Michigan Finds Consistency Just in Time to Halt Red-Hot Tennessee

After weeks of up-and-down play, the No. 11 seed Wolverines are thriving as they dance into the Sweet 16.

Michigan picked a good time to finally win two straight games.

The Wolverines’ streak of inconsistency had gotten so dire that star big man Hunter Dickinson suggested to the team Friday morning that they scrimmage the team managers to get a loss out of the way before Michigan’s second-round matchup with Tennessee. It’s hard to know for sure whether that game actually happened (Dickinson joked that one manager “gave him buckets” this morning) but the team was certainly cognizant of its inability to win consecutive games.

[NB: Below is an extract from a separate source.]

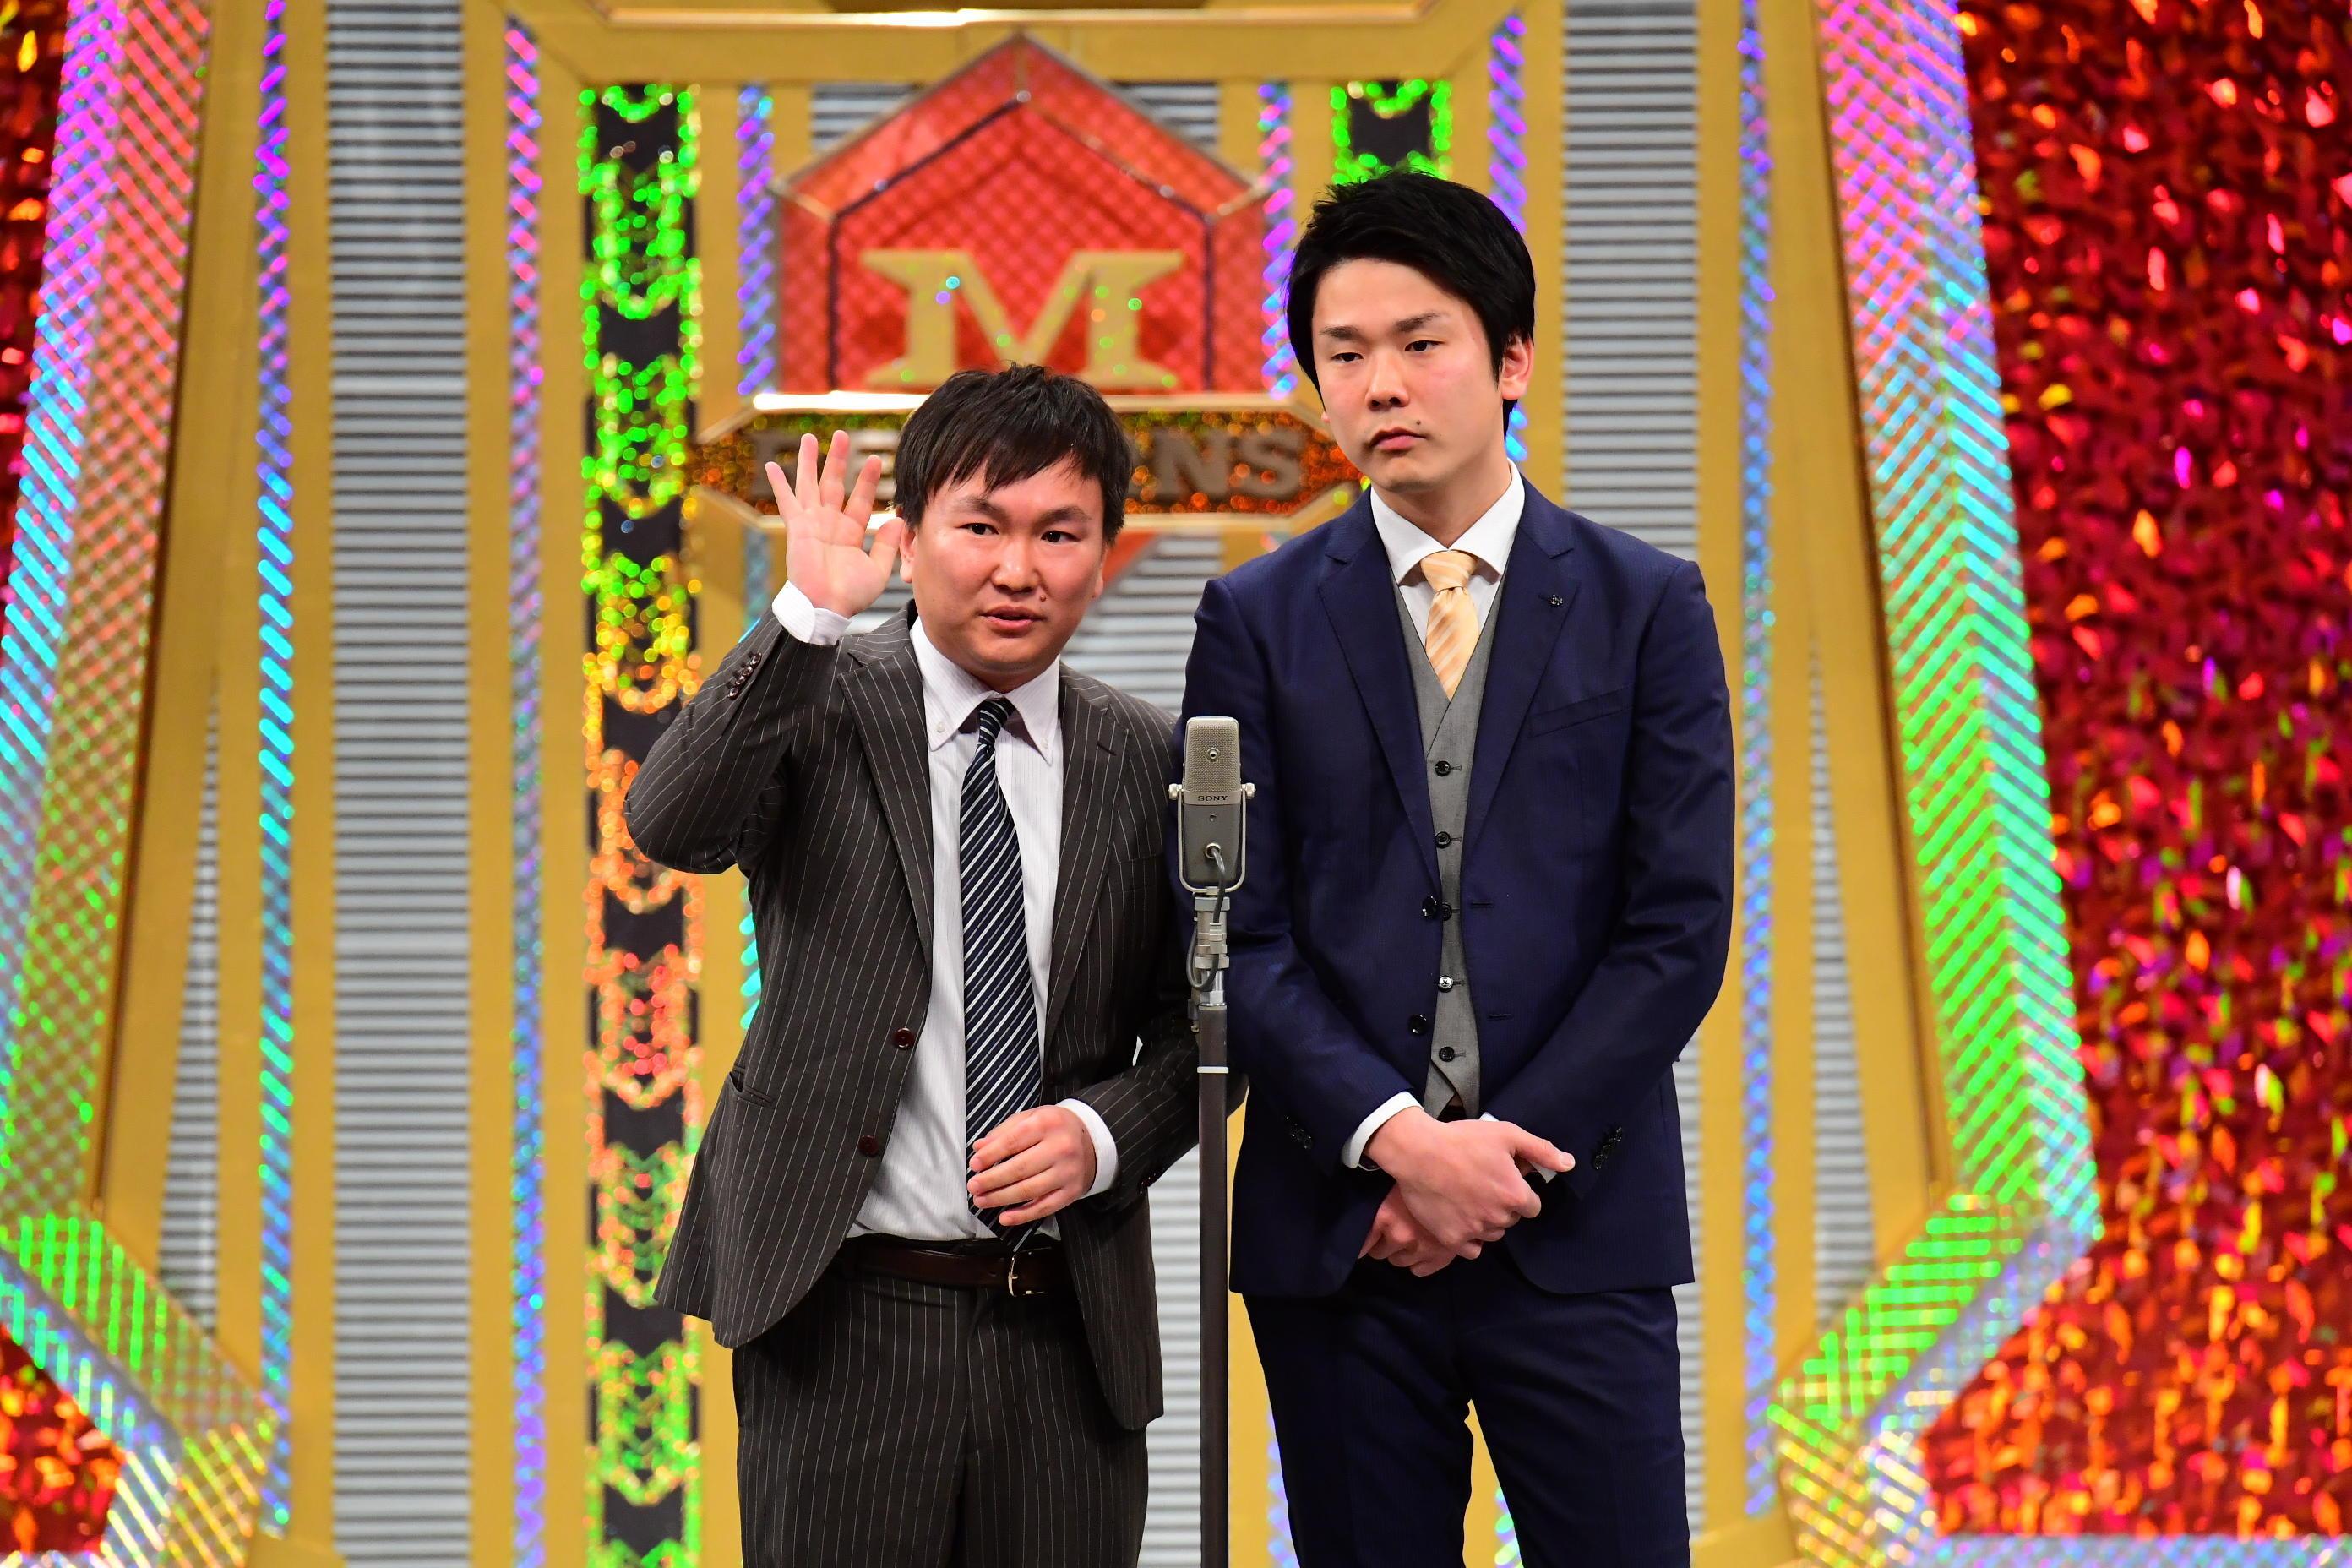 http://news.yoshimoto.co.jp/20170228155441-f3adf3d03c25eb8916087182c6b4522abdb07f16.jpg

“They put it up in our lockers before the Indiana game about the recent trend. We were well aware of it for a while now, and it's definitely been wearing on us,” Dickinson said. “There is no better time to break the streak than now, I guess.”

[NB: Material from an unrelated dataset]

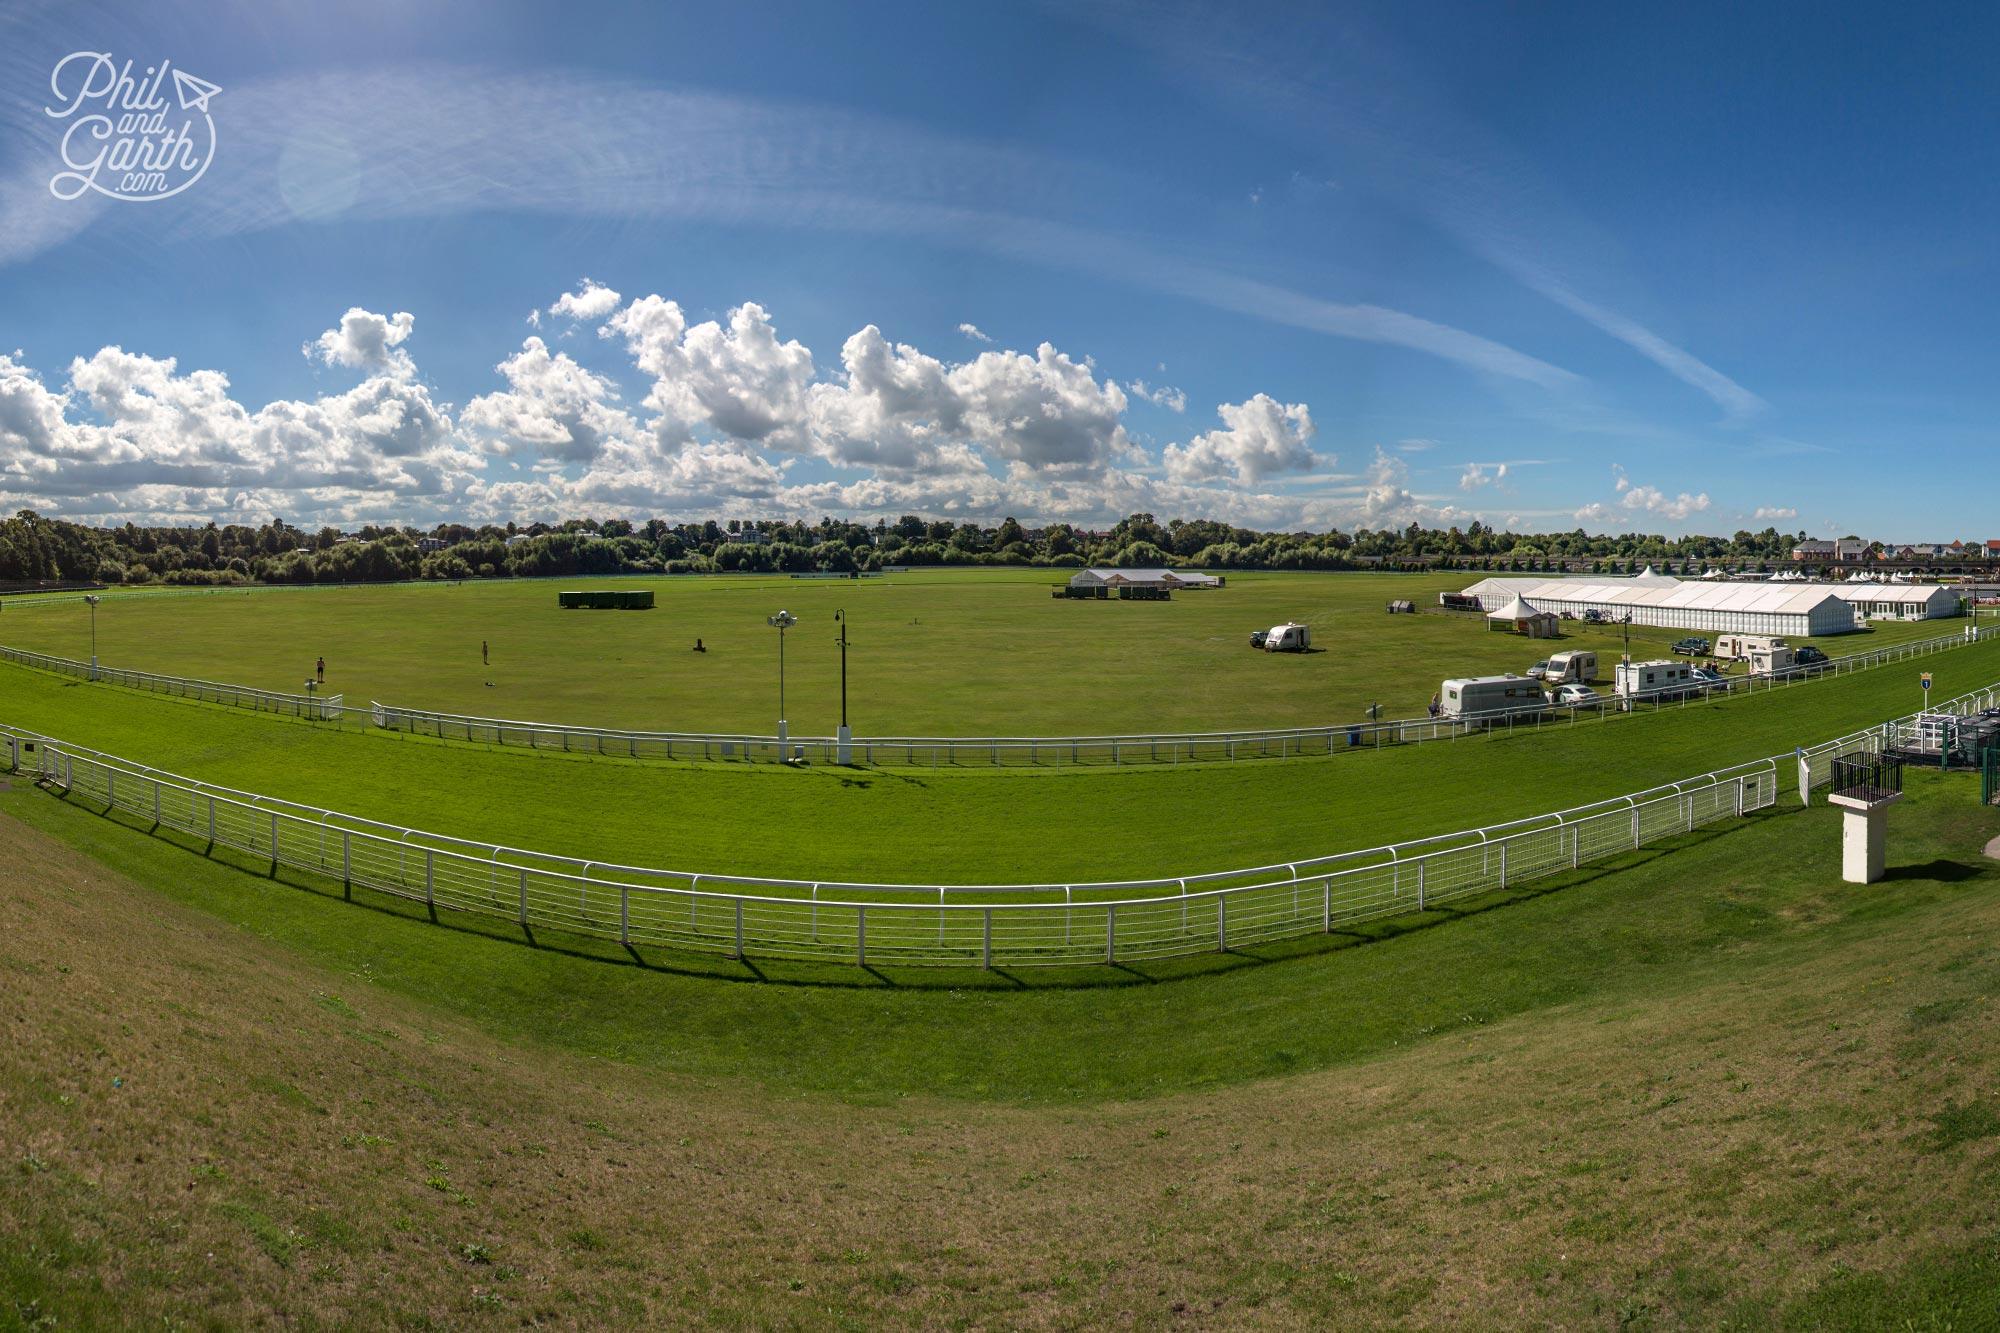 Britain's oldest racecourse

Dickinson (left) and Eli Brooks combined for 50 points against the Vols :: Darron Cummings/AP

The team that spent the last month finding itself and then having to go back to the drawing board broke through Saturday, and did so against arguably the hottest team in men’s college basketball. The Wolverines beat a Tennessee team that hadn’t lost in a month and had dropped just one game since Feb. 1, and earned a spot in the Sweet 16 in the process. In fact, Tennessee hadn’t trailed at all in more than 115 game minutes before this game tipped off, dating back to a 4–2 early deficit to Kentucky in the SEC tournament semifinals. The Vols may have been a No. 3 seed, but there weren’t five teams in the nation coming into the day playing better than them.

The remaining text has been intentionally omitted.